Task prompt:
Could you output the whole listing exactly as it stands, minus any images?

Supplied data:
---+---
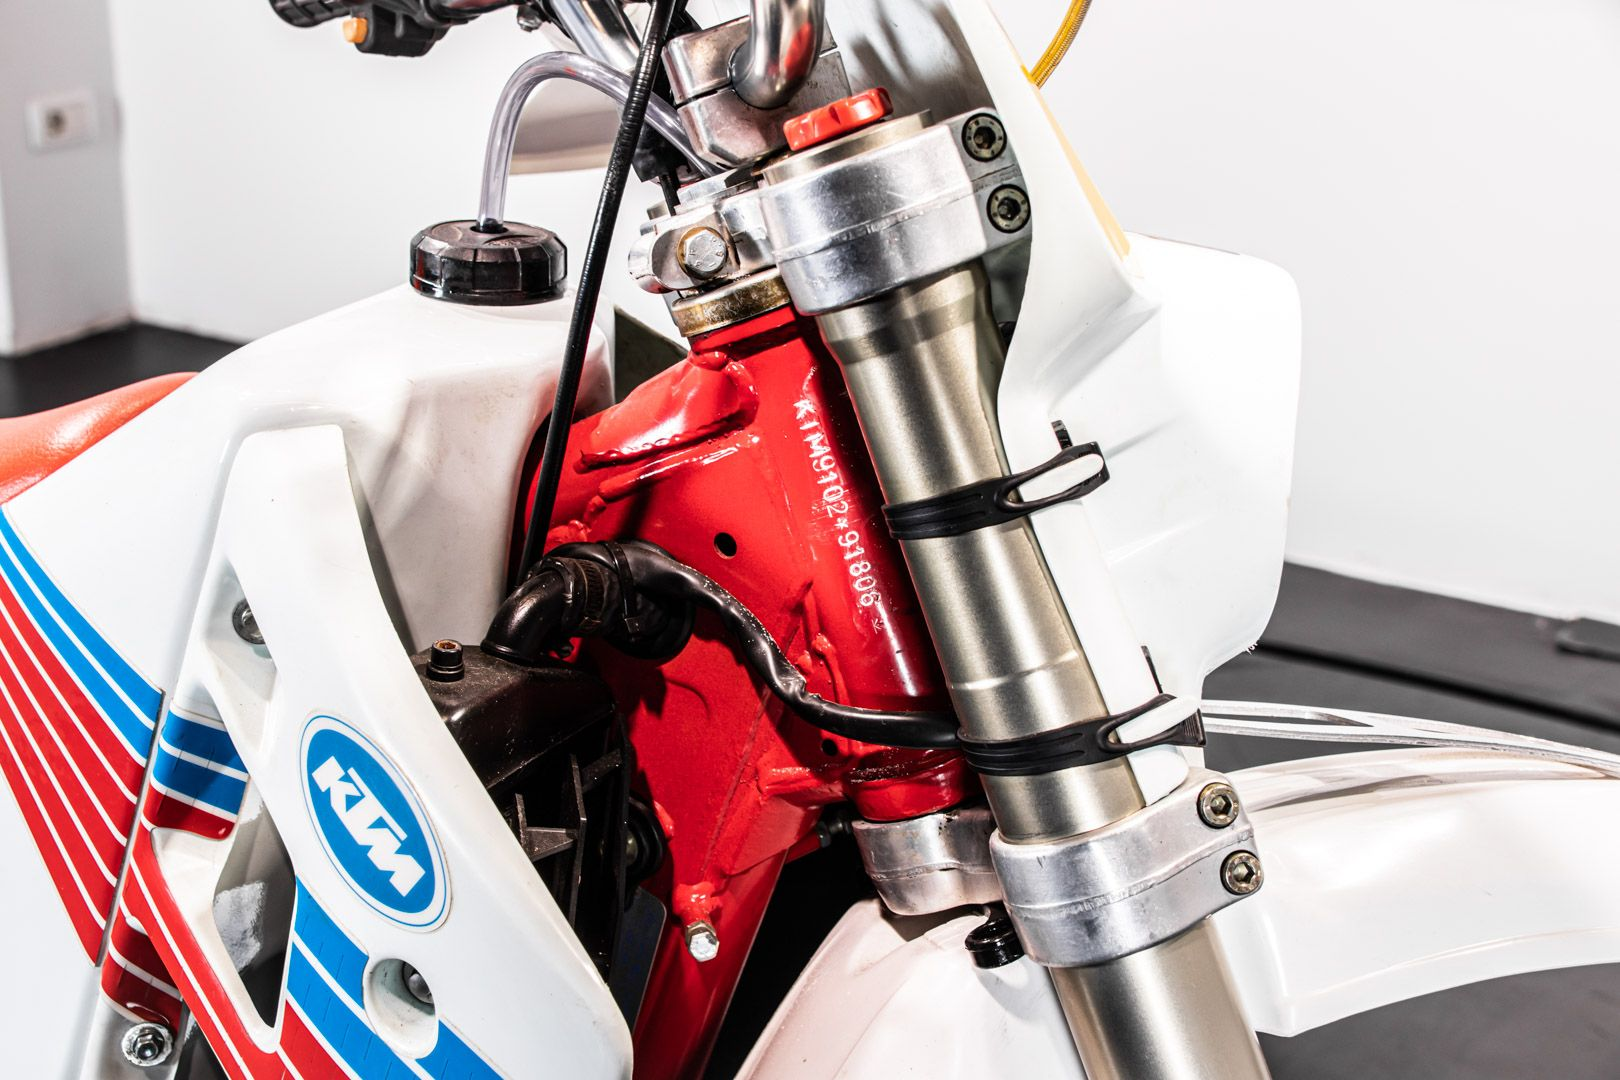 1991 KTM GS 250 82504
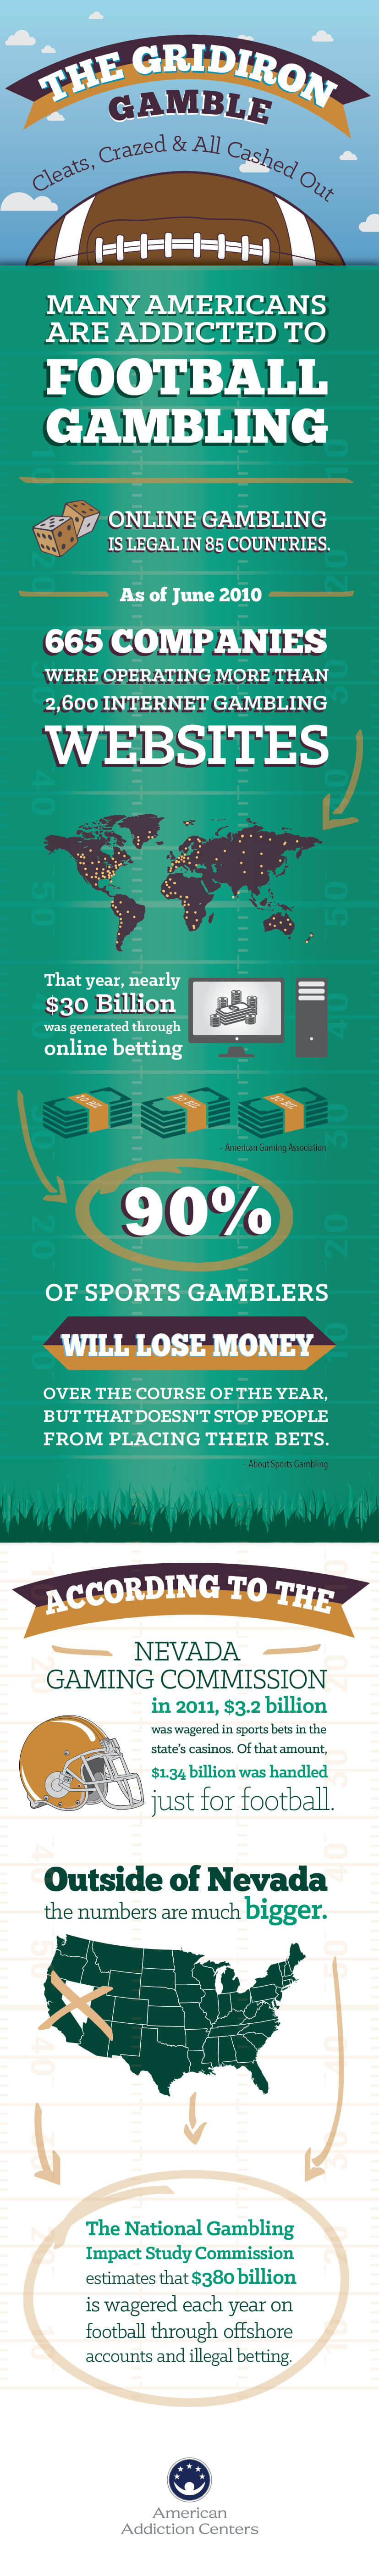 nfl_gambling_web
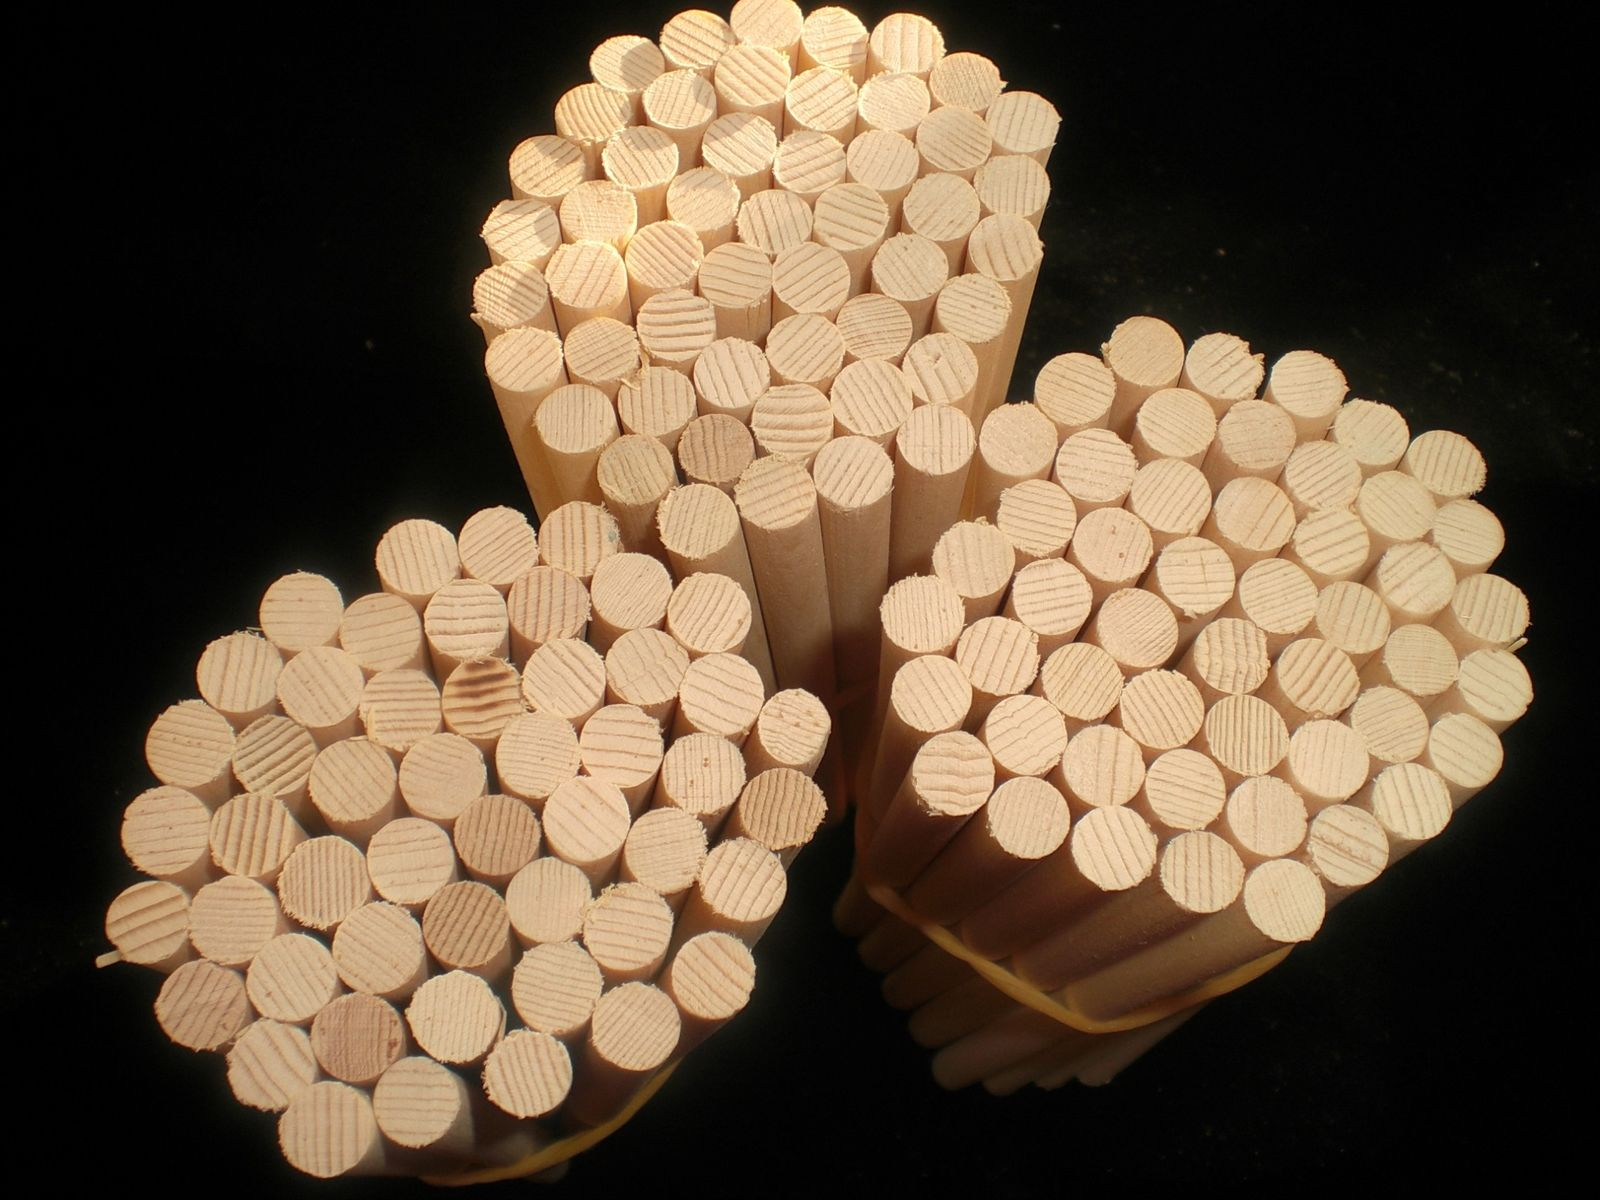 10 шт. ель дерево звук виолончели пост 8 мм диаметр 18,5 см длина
---+---
Final answer:
 1991 KTM GS 250 82504
 nfl_gambling_web
 10 шт. ель дерево звук виолончели пост 8 мм диаметр 18,5 см длина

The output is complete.